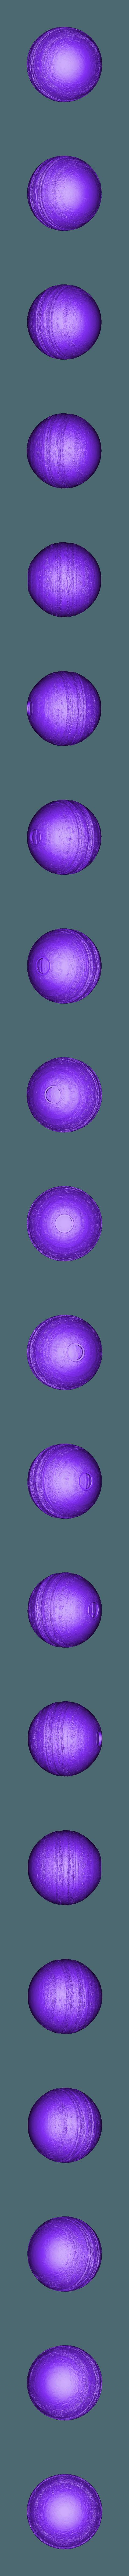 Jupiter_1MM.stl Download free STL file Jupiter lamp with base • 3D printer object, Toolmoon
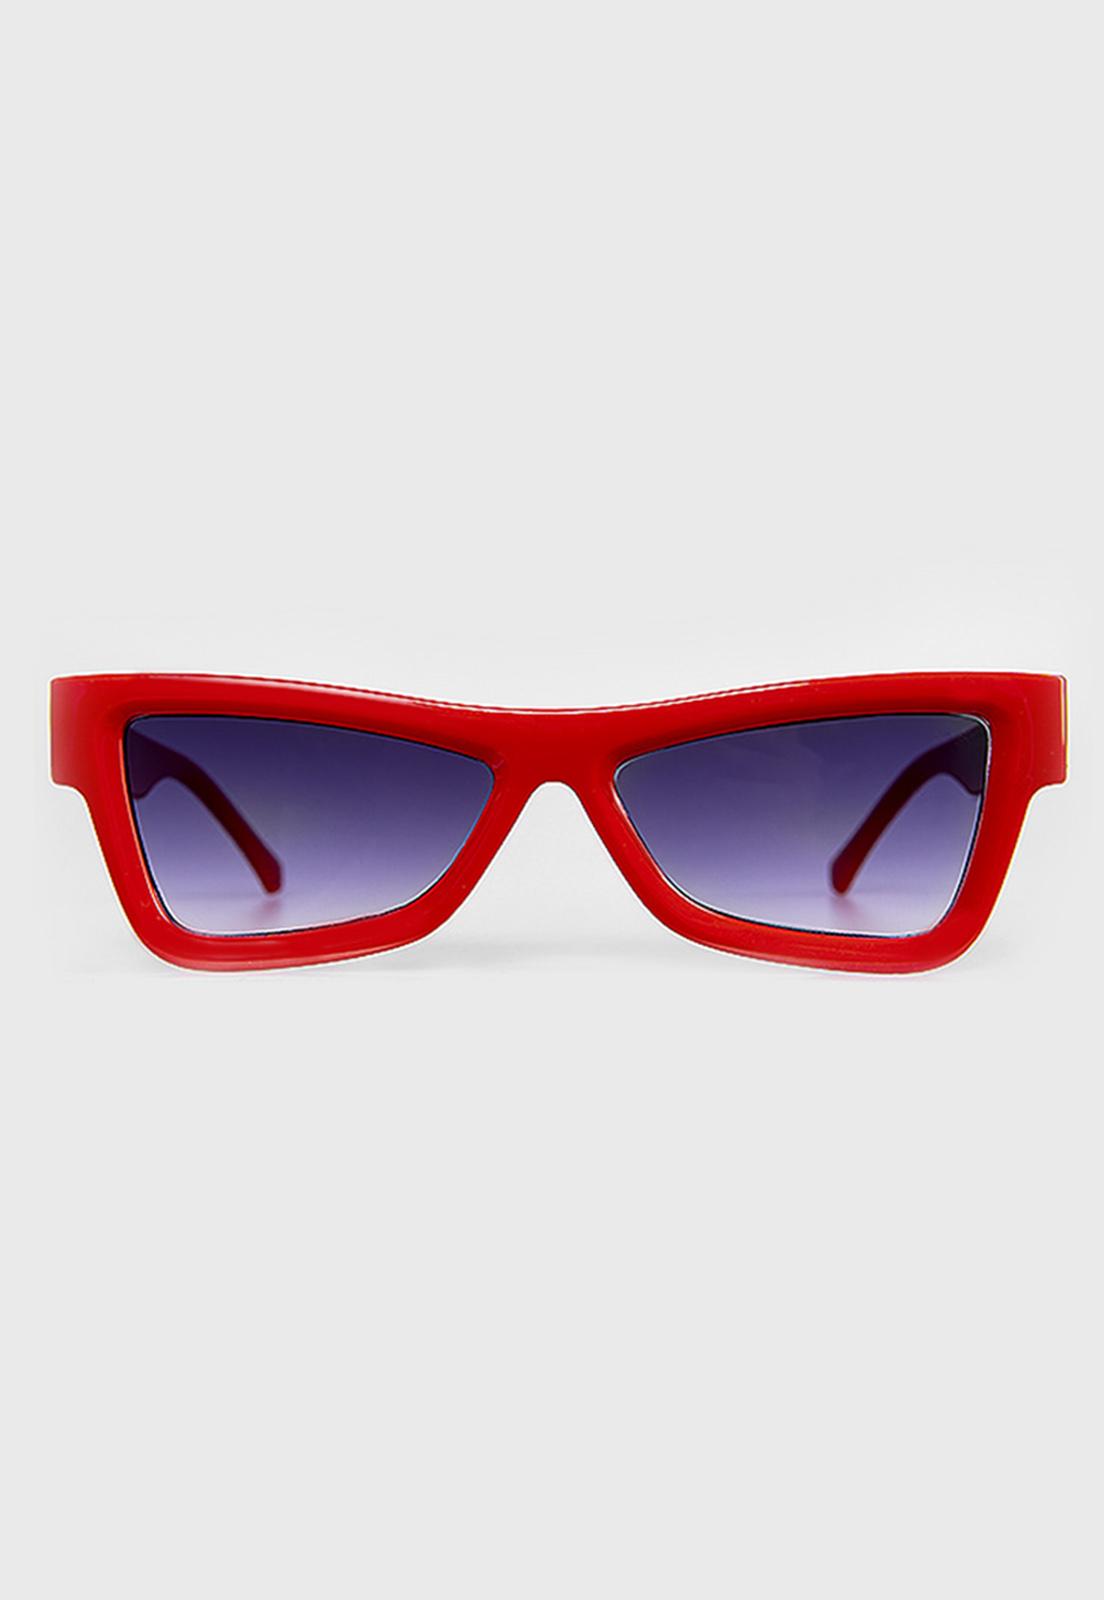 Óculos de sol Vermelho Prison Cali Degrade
-- -- --
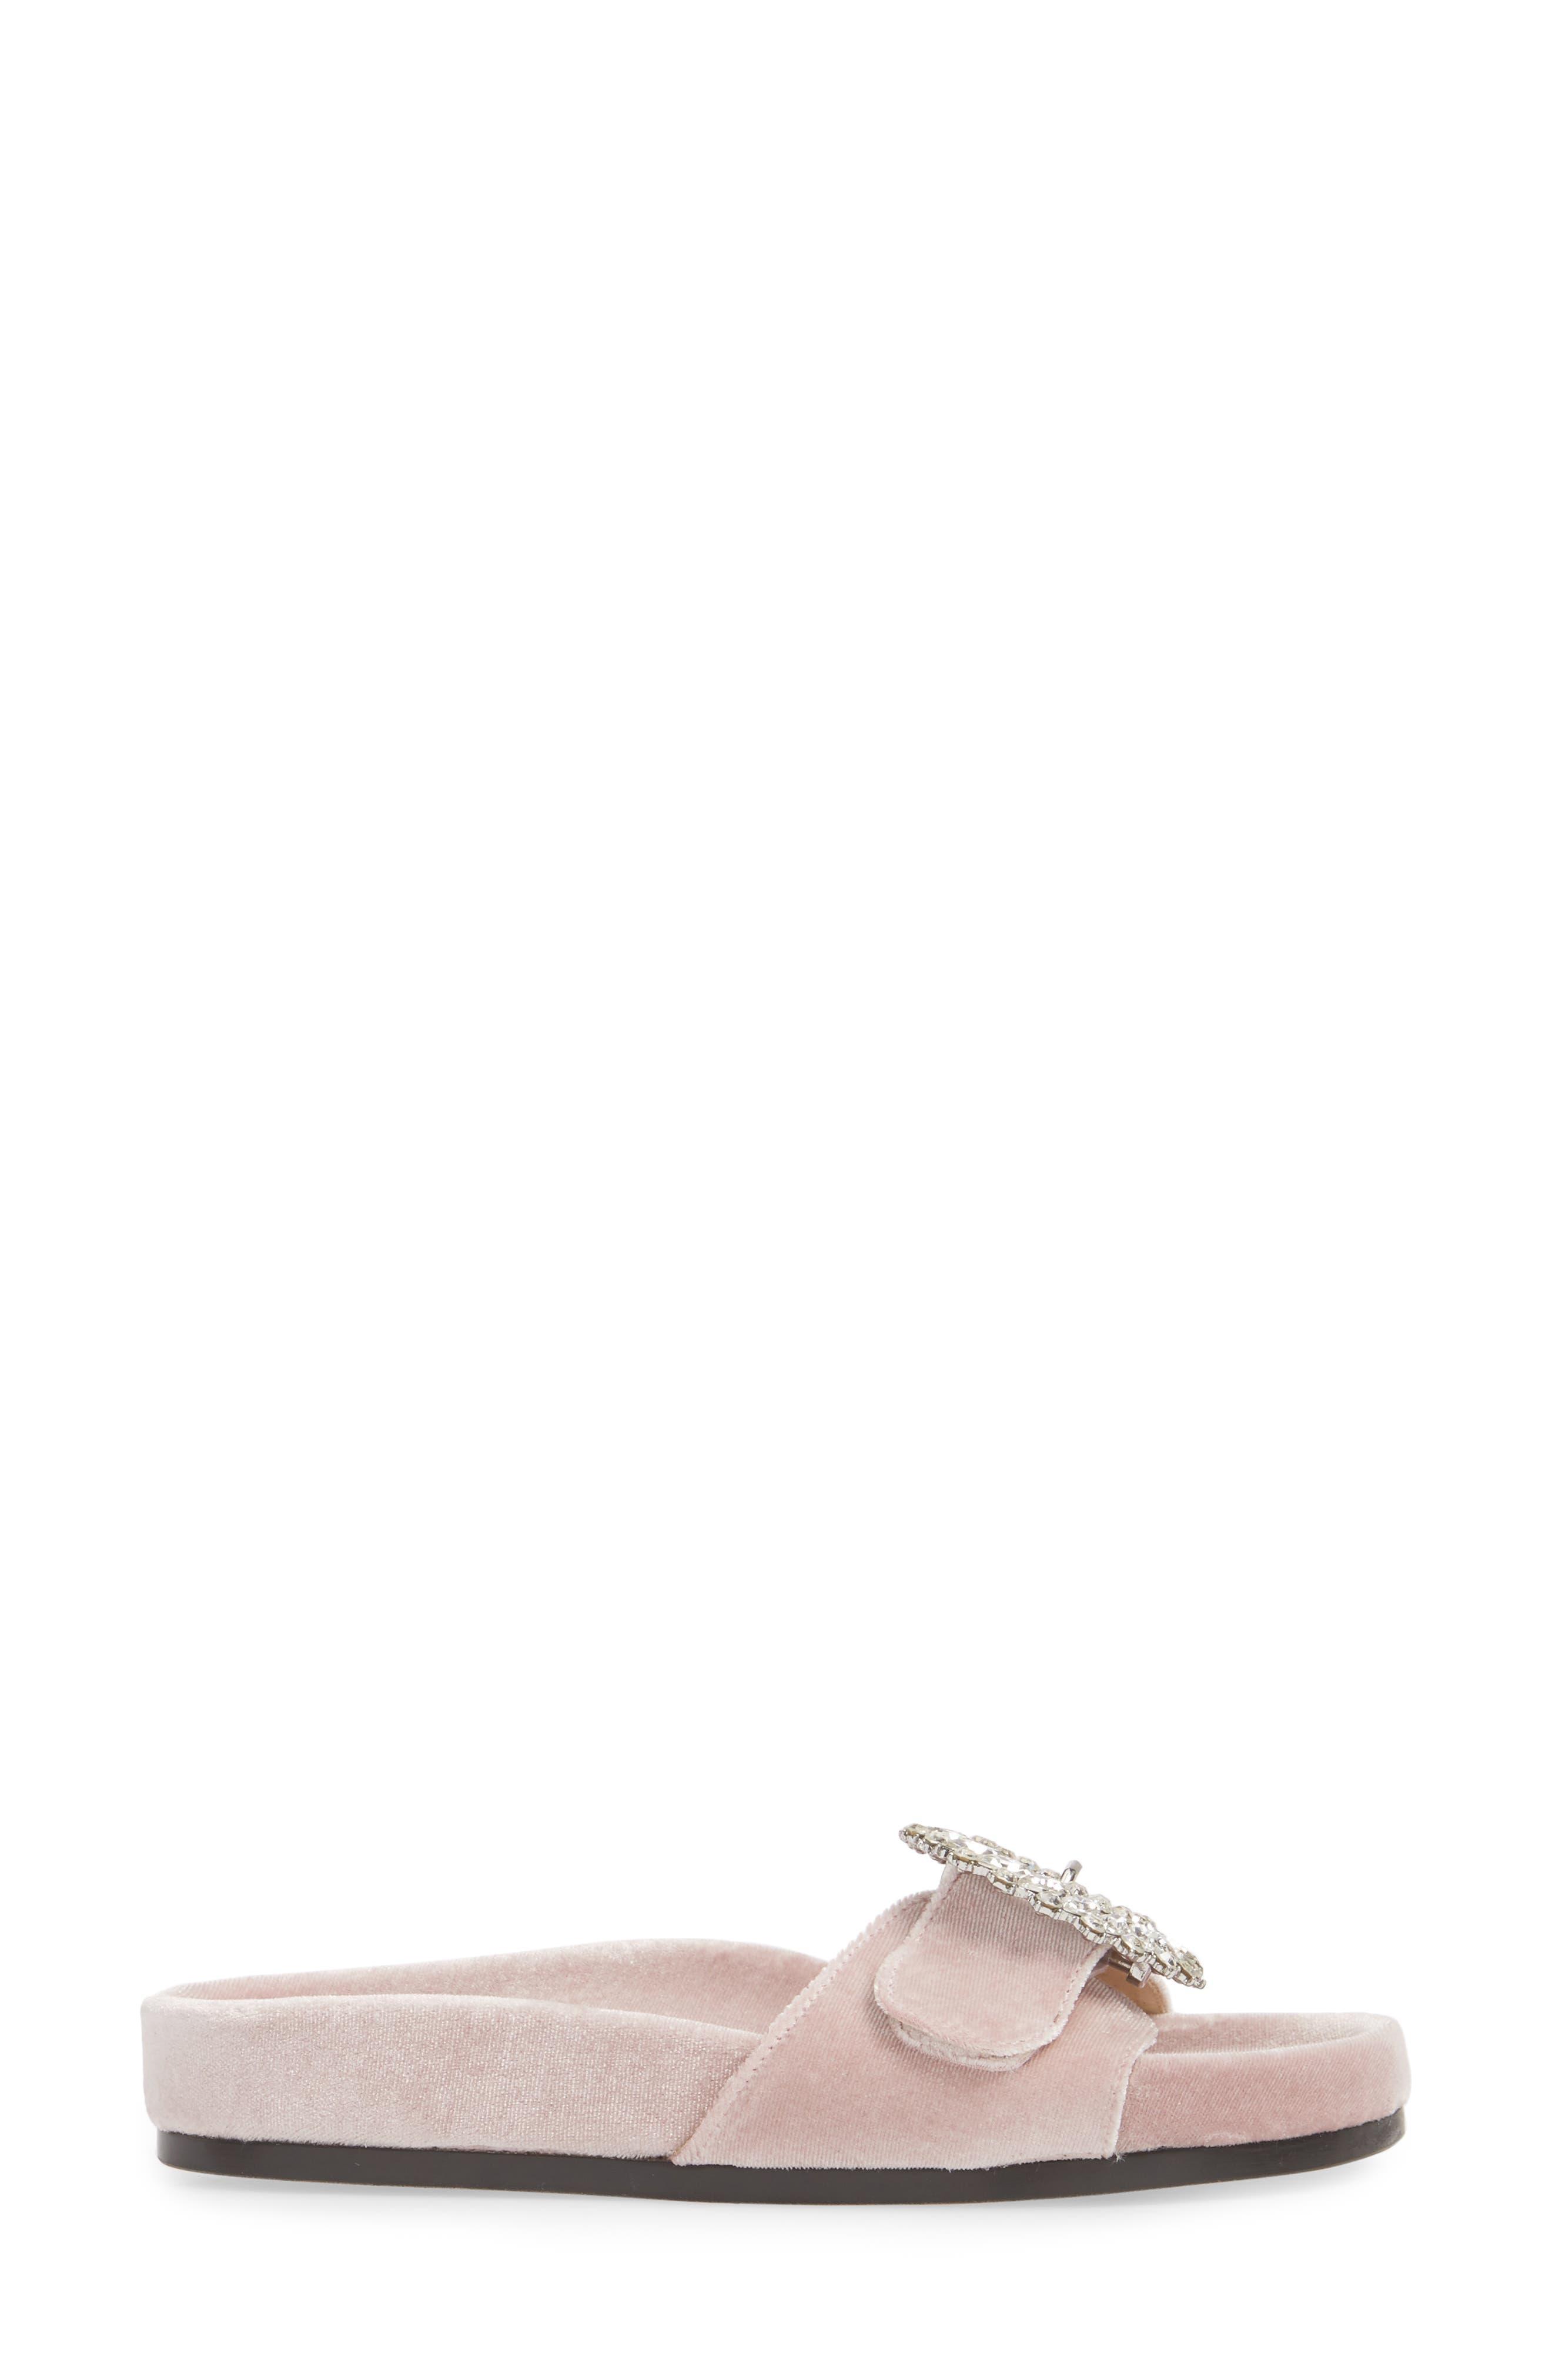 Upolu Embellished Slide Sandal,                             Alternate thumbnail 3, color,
-- -- --
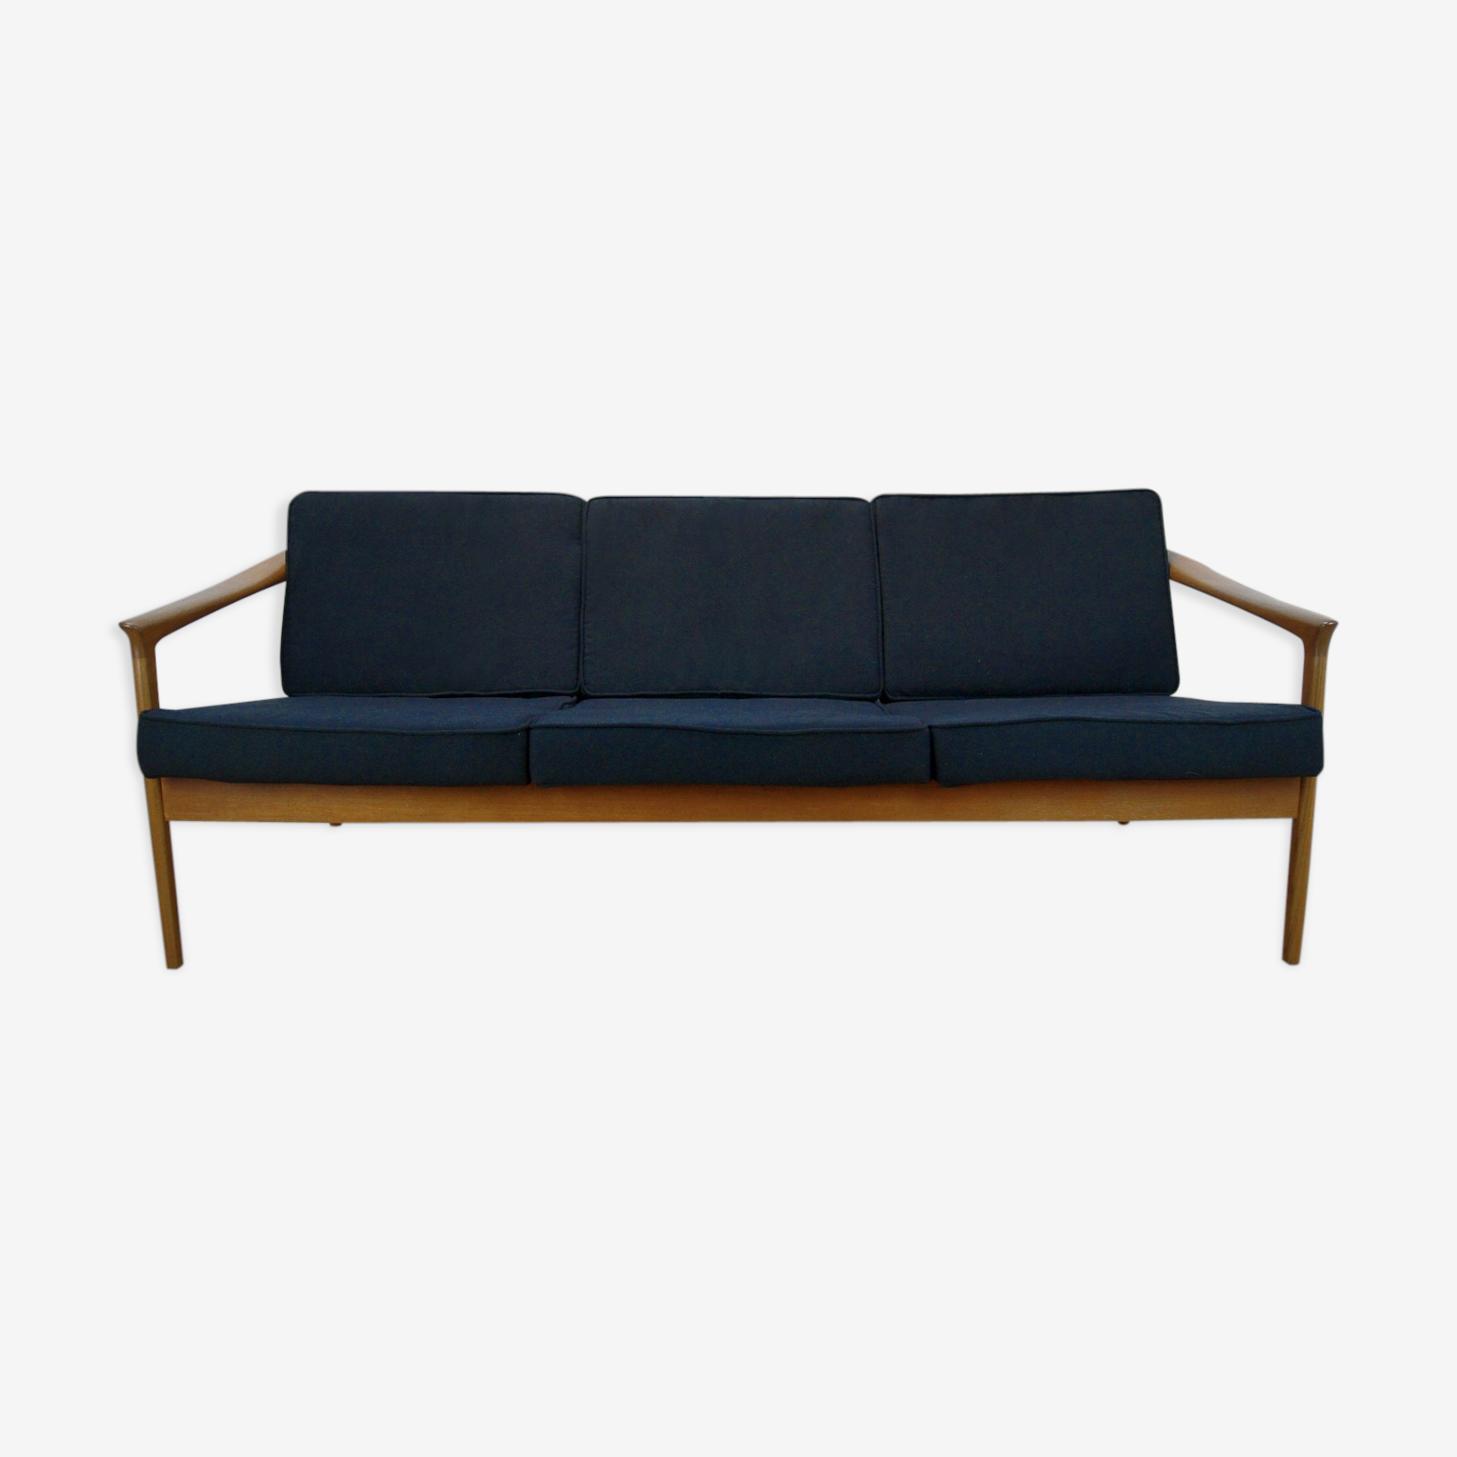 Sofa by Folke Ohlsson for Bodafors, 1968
-- -- --
» What the task asks: When you reach the line that has "Jupiter_1MM.stl Download free" in the data above, start repeating lines exactly, and stop after the line that has "Óculos de sol Vermelho Prison Cali Degrade"; pictures stay out.

» Completed exercise:
 Jupiter_1MM.stl Download free STL file Jupiter lamp with base • 3D printer object, Toolmoon
 Óculos de sol Vermelho Prison Cali Degrade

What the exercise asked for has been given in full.